We can output the residuals from the Chi-square test in similar fashion to the expected counts:
case1.chisq$residuals data3$decision
data3$wtClass Decision KO/TKO/Submission
Bantamweight 2.6285868 -2.1383153
Flyweight 3.1198964 -2.5379882
Heavyweight -4.5607794 3.7101246
Middleweight -2.4368714 1.9823578
Strawweight 4.6890531 -3.8144733
Welterweight -0.7577501 0.6164182
Case study 2: Putting it all together
Conclusion
Chi-square tests and associated analysis are useful for answering research questions that involve two categorical variables. In our examples, we explored the relationship between the type of MMA fight result and the weight classes using chi-square tests. We were interested in determining if, for example, fights at higher weight classes tend to have different outcome distributions compared to lower weight classes. For example, one might speculate that the heavier weight class fights are less likely to “go the distance” due to higher likelihood of knockouts.

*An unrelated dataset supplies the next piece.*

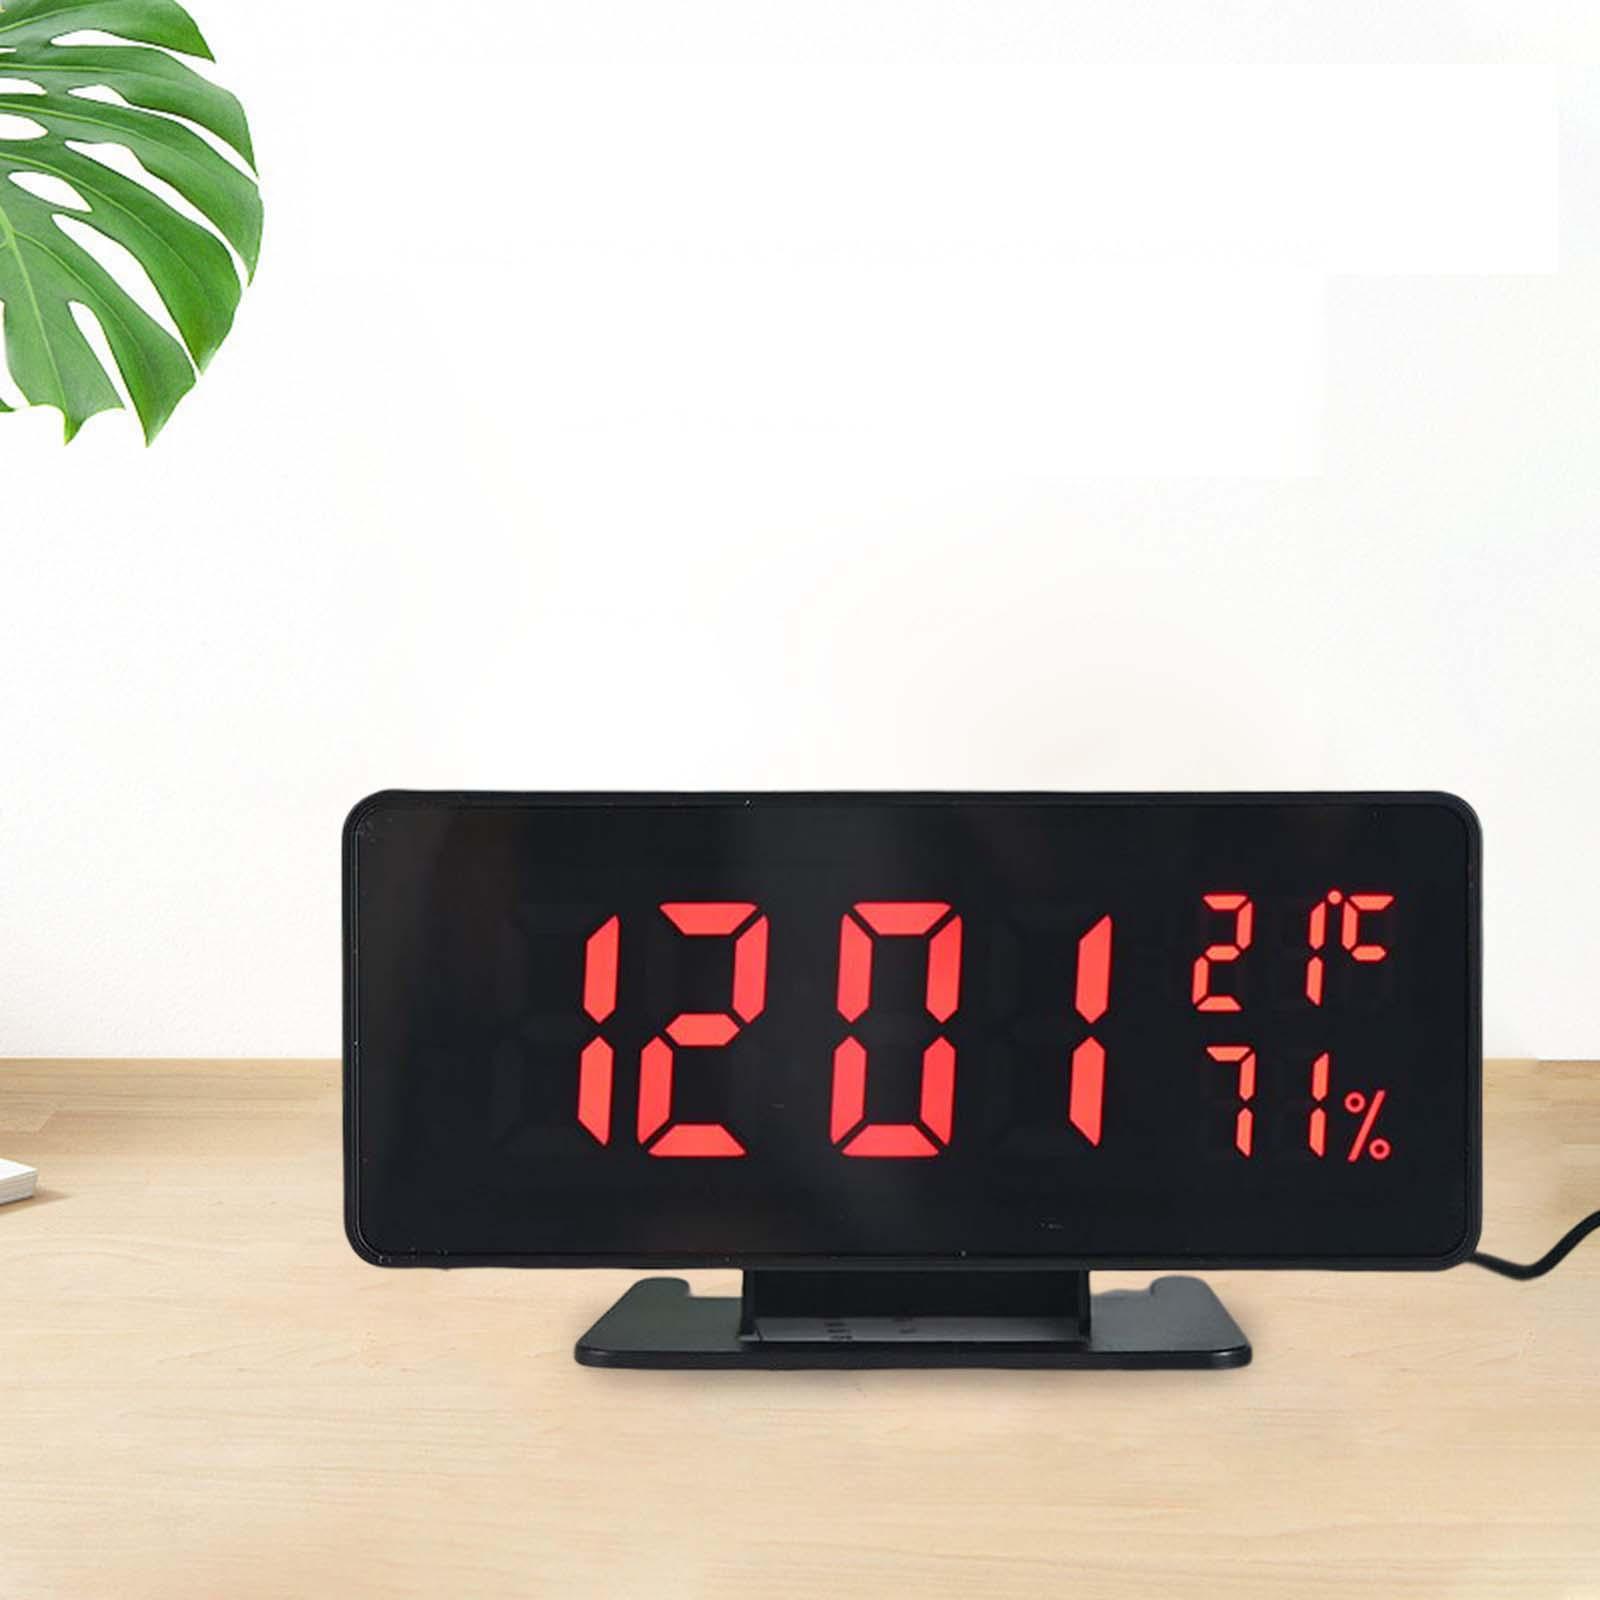 USB Digital Alarm Clock Date Display Bedroom Home Decor Decorative LED Red

In the larger sample (case study) we found evidence that this speculation could be true. If so, there is a possible implication for the organizers in terms of marketing (which is better, knockouts or longer fights)?
In the second case study, you may have explored other potential relationships as many other variables in the data set are categorical: year, championship, round, p1_result, p1_sex, etc.